== Task objective ==
Once the line containing "Adaptador universal de" is found, retype it and each line after it through the last entry below, word for word, and nothing else.

━━━━━ Data section ━━━━━

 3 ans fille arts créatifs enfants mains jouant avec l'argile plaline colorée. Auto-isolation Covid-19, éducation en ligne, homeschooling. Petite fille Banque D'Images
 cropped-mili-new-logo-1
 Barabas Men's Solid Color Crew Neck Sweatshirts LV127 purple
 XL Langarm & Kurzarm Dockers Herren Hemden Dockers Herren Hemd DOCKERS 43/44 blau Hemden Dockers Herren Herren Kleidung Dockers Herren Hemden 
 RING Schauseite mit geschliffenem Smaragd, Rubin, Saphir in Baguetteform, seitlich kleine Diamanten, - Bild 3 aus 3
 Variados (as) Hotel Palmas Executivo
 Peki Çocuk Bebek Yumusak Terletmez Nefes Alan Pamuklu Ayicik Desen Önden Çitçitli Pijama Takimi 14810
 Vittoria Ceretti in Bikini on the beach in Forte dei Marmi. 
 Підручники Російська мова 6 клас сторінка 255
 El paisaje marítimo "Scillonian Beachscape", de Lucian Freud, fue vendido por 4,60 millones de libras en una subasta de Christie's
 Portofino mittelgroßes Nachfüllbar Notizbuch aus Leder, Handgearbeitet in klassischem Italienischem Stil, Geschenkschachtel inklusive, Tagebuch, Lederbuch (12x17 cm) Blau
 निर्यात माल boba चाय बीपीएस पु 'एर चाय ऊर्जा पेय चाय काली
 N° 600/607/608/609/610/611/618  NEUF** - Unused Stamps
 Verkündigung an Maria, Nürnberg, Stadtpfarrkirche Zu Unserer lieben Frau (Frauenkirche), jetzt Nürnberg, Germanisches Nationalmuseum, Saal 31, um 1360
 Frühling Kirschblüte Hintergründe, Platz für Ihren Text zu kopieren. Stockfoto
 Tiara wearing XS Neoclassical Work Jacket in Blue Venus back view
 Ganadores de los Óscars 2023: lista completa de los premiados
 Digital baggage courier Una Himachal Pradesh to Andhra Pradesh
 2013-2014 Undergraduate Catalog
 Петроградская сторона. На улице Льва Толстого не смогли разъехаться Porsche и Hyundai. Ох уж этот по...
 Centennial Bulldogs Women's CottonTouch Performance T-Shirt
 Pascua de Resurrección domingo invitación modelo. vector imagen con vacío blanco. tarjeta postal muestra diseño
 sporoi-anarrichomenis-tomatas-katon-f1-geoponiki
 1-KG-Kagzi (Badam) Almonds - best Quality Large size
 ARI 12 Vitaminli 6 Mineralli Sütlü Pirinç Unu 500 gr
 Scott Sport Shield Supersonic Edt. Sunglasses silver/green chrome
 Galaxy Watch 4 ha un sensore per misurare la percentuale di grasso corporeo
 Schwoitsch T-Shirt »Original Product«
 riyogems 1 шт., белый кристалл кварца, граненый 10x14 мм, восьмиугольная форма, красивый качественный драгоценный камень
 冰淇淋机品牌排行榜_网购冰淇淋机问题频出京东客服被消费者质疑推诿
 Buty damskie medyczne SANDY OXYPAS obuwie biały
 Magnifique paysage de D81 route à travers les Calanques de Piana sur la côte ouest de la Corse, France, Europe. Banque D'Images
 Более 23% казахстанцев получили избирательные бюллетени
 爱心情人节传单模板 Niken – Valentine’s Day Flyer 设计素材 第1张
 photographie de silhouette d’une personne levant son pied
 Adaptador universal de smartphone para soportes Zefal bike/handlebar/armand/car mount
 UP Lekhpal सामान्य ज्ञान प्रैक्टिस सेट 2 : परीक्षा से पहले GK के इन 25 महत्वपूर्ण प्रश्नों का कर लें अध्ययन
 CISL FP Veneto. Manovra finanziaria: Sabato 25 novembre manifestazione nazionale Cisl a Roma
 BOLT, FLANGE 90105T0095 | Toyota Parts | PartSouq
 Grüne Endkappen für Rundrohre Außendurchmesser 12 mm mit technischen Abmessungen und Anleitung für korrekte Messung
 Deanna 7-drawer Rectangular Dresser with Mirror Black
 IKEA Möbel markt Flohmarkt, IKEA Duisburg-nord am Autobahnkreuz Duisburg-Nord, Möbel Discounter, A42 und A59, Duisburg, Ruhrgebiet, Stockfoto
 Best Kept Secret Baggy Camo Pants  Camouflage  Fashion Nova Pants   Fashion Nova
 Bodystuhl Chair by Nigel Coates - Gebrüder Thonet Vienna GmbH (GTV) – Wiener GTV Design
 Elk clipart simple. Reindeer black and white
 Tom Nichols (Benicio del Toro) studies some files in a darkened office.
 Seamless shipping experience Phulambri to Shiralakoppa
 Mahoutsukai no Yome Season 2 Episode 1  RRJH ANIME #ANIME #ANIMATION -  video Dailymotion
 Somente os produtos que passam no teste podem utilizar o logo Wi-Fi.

━━━━━

== Response area ==
 Adaptador universal de smartphone para soportes Zefal bike/handlebar/armand/car mount
 UP Lekhpal सामान्य ज्ञान प्रैक्टिस सेट 2 : परीक्षा से पहले GK के इन 25 महत्वपूर्ण प्रश्नों का कर लें अध्ययन
 CISL FP Veneto. Manovra finanziaria: Sabato 25 novembre manifestazione nazionale Cisl a Roma
 BOLT, FLANGE 90105T0095 | Toyota Parts | PartSouq
 Grüne Endkappen für Rundrohre Außendurchmesser 12 mm mit technischen Abmessungen und Anleitung für korrekte Messung
 Deanna 7-drawer Rectangular Dresser with Mirror Black
 IKEA Möbel markt Flohmarkt, IKEA Duisburg-nord am Autobahnkreuz Duisburg-Nord, Möbel Discounter, A42 und A59, Duisburg, Ruhrgebiet, Stockfoto
 Best Kept Secret Baggy Camo Pants  Camouflage  Fashion Nova Pants   Fashion Nova
 Bodystuhl Chair by Nigel Coates - Gebrüder Thonet Vienna GmbH (GTV) – Wiener GTV Design
 Elk clipart simple. Reindeer black and white
 Tom Nichols (Benicio del Toro) studies some files in a darkened office.
 Seamless shipping experience Phulambri to Shiralakoppa
 Mahoutsukai no Yome Season 2 Episode 1  RRJH ANIME #ANIME #ANIMATION -  video Dailymotion
 Somente os produtos que passam no teste podem utilizar o logo Wi-Fi.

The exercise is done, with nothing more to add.